Nolo offers several tools to help you document your wishes for final arrangements. Each one walks you step-by-step through the process, so you won’t miss any important issues.
- Quicken WillMaker Plus can create a final arrangements document for you. The software program asks you questions about your wishes and then produces a detailed document you can give to others.
- Get It Together: Organize Your Records So Your Family Won't Have To, by Melanie Cullen with Shae Irving, is a workbook that provides a complete system for documenting information for your executor and family members, including your wishes for final arrangements.
- Nolo’s Final Arrangements Kit includes all the basic forms and instructions you need to document your final wishes.
Where to Store Your Funeral Plans
While there are many ways to write down your wishes for final arrangements and make them clear, here’s a firm piece of advice to follow: Don’t put them in your will.

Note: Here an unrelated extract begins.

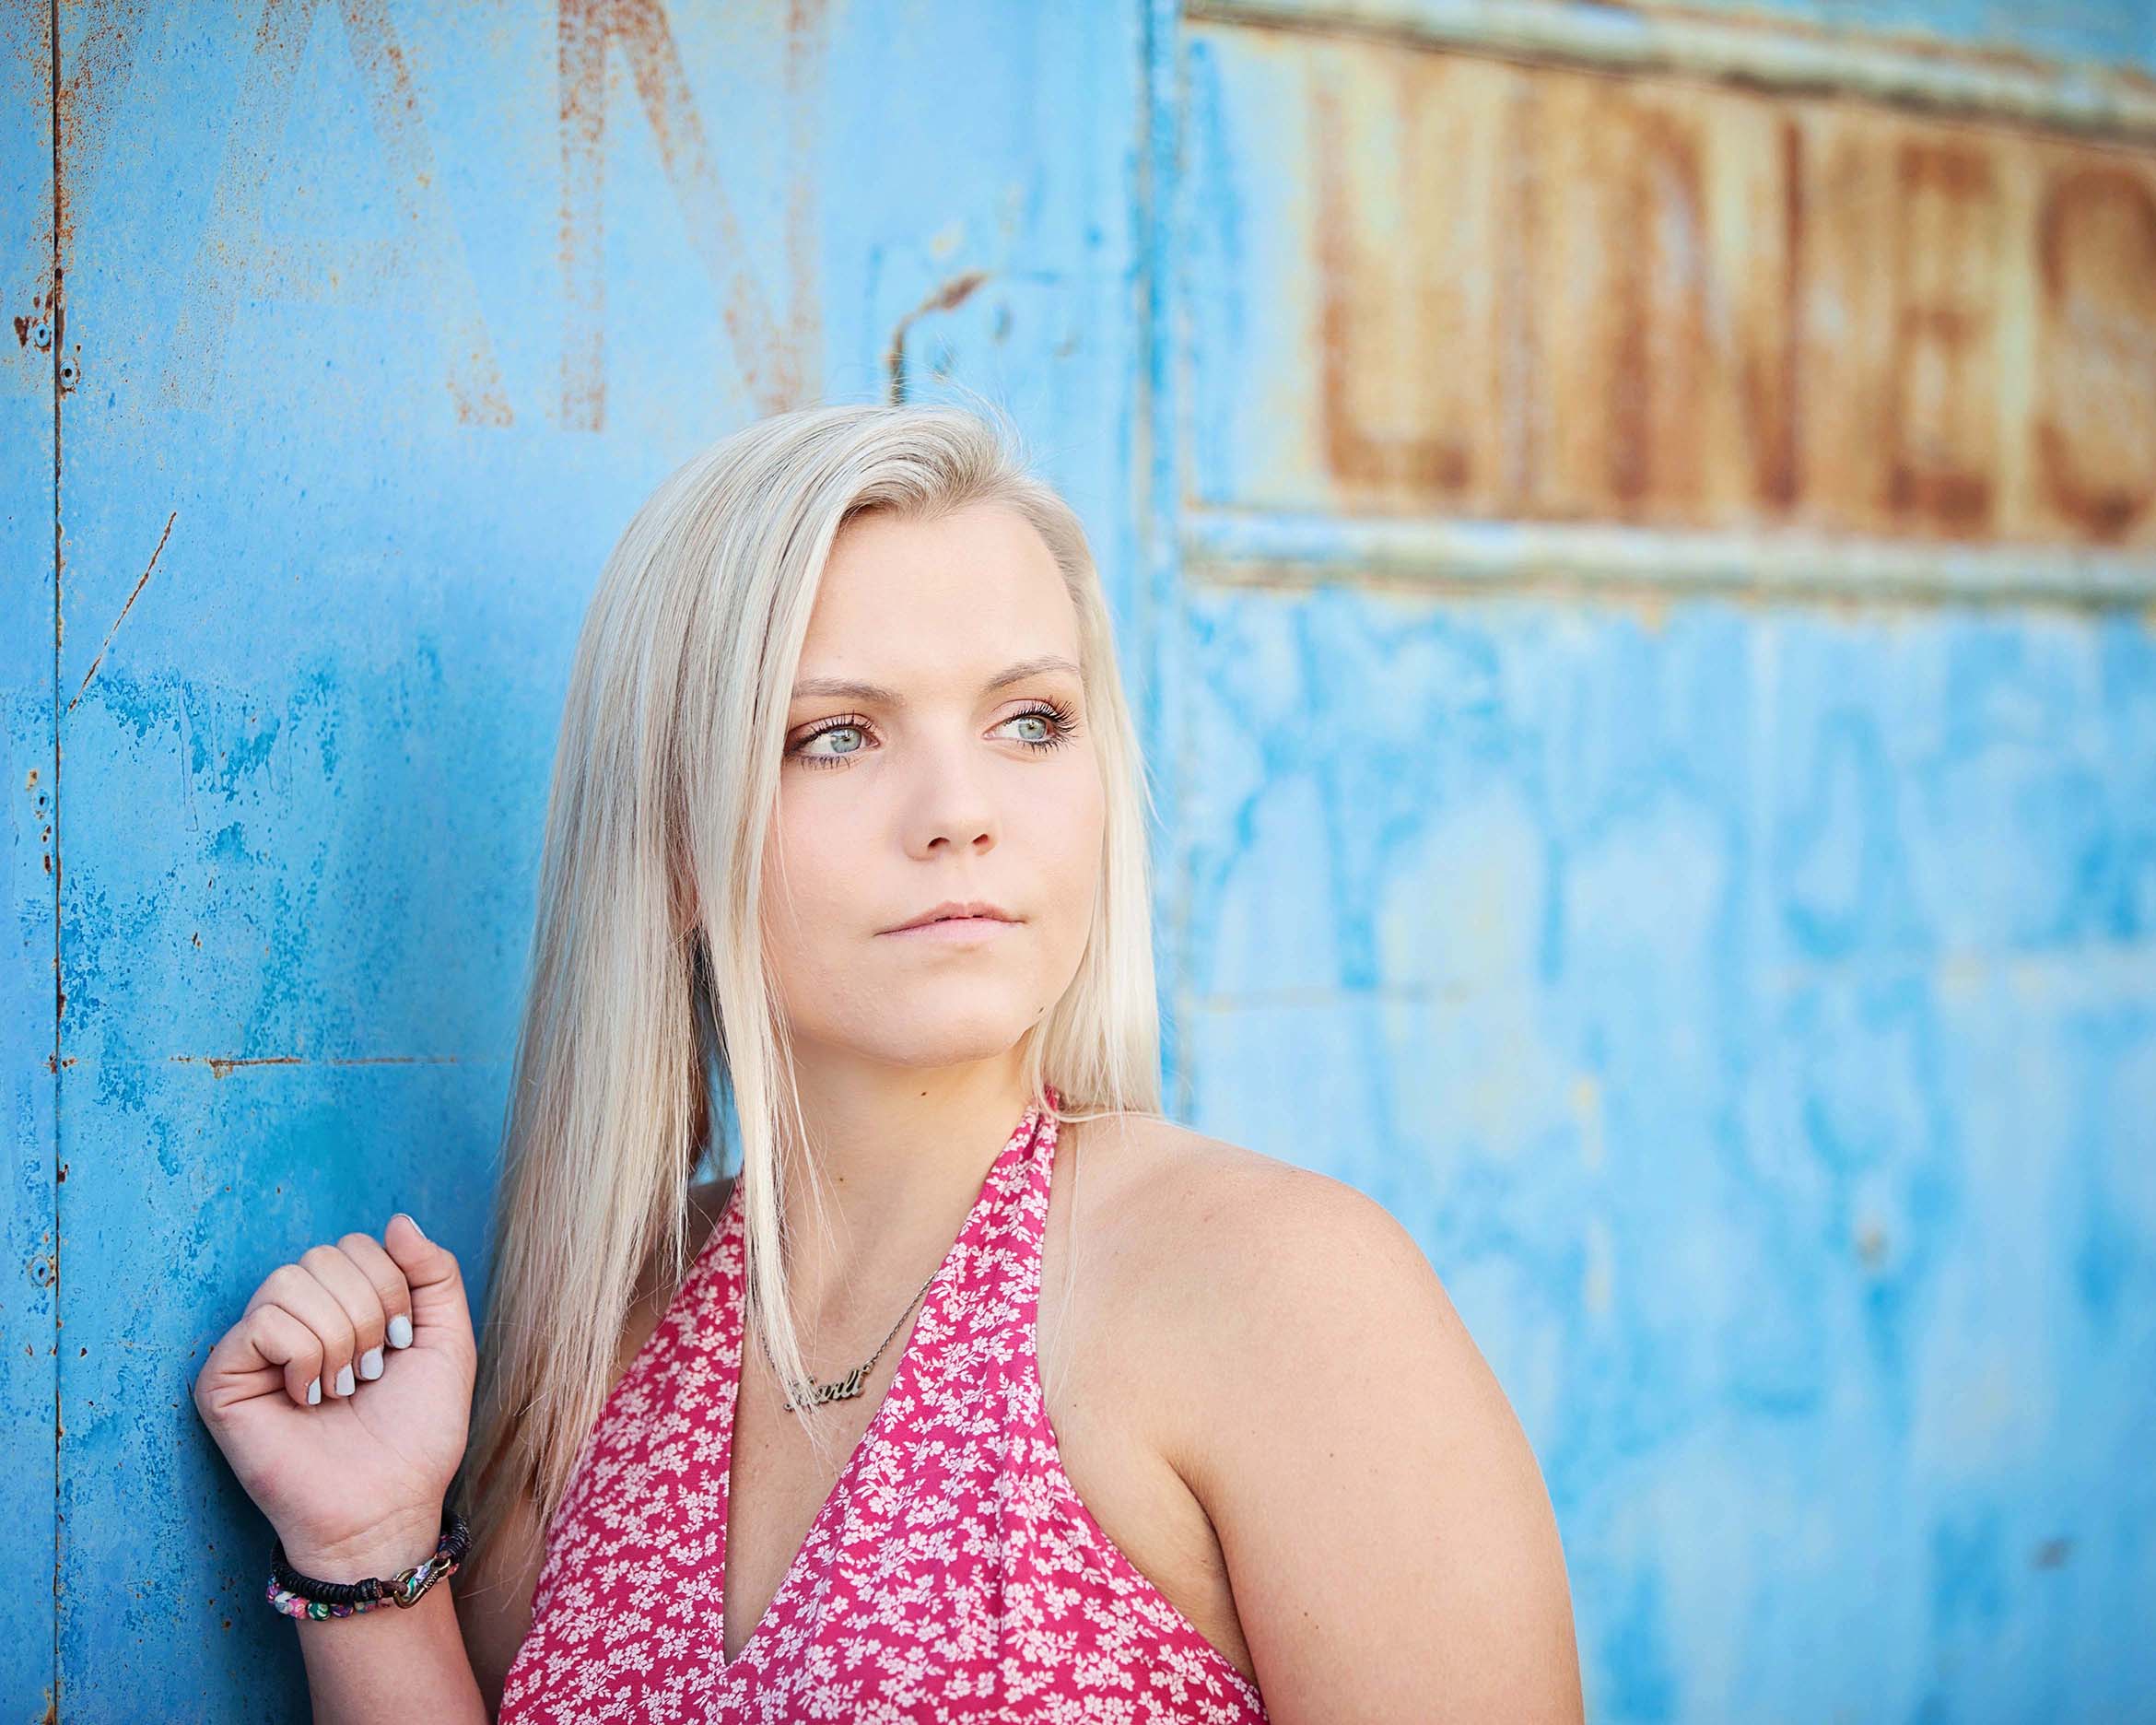 6 Tips To Help You Look Confident In Your Senior Photos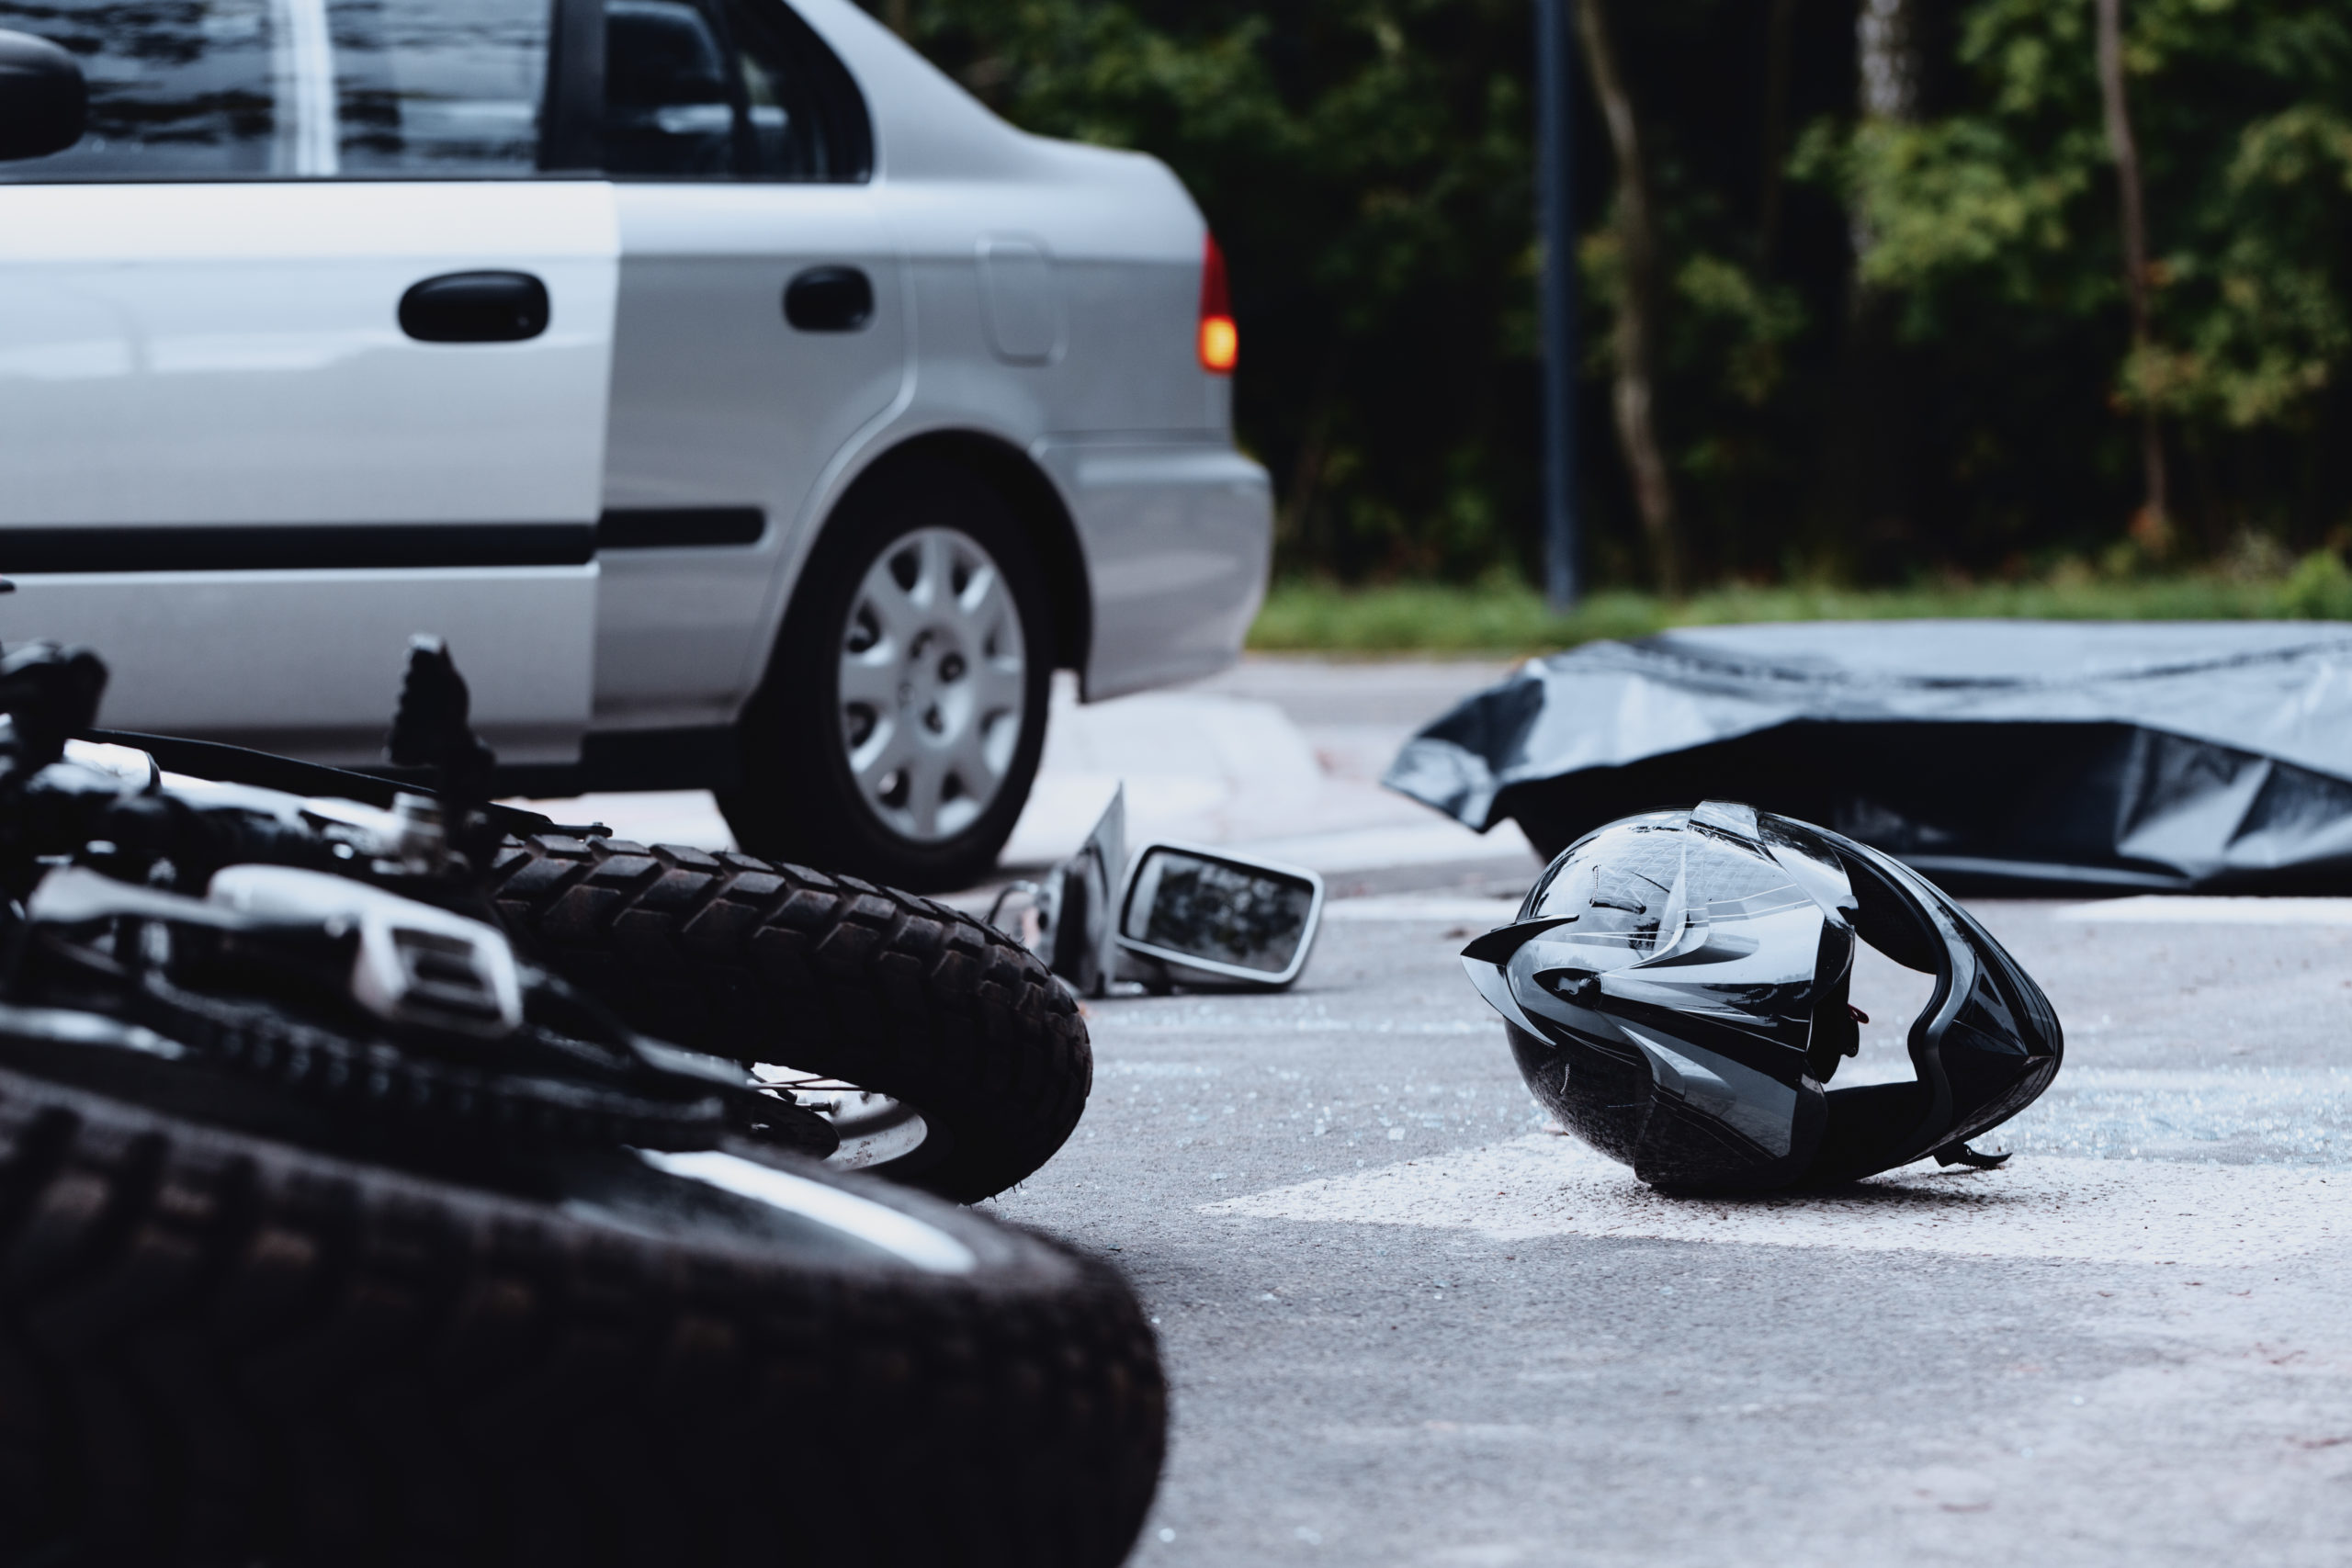 38-year-old Surrey Motorcyclist killed in Langley collision

Your will may not be read until weeks after your death -- far too late to help your survivors. It’s better to prepare a separate document.
Store your final arrangements paperwork in a safe place and be sure your loved ones know where to look when the time comes. It may be helpful to make copies and tell them where to find the originals when they’re needed. If you do so, be sure to keep a list of everyone with copies, in case you need to get them back and change them later.
To find the rules covering funeral arrangements in Michigan, including consumer protection information, see the website of the Michigan Funeral Consumers Information Society.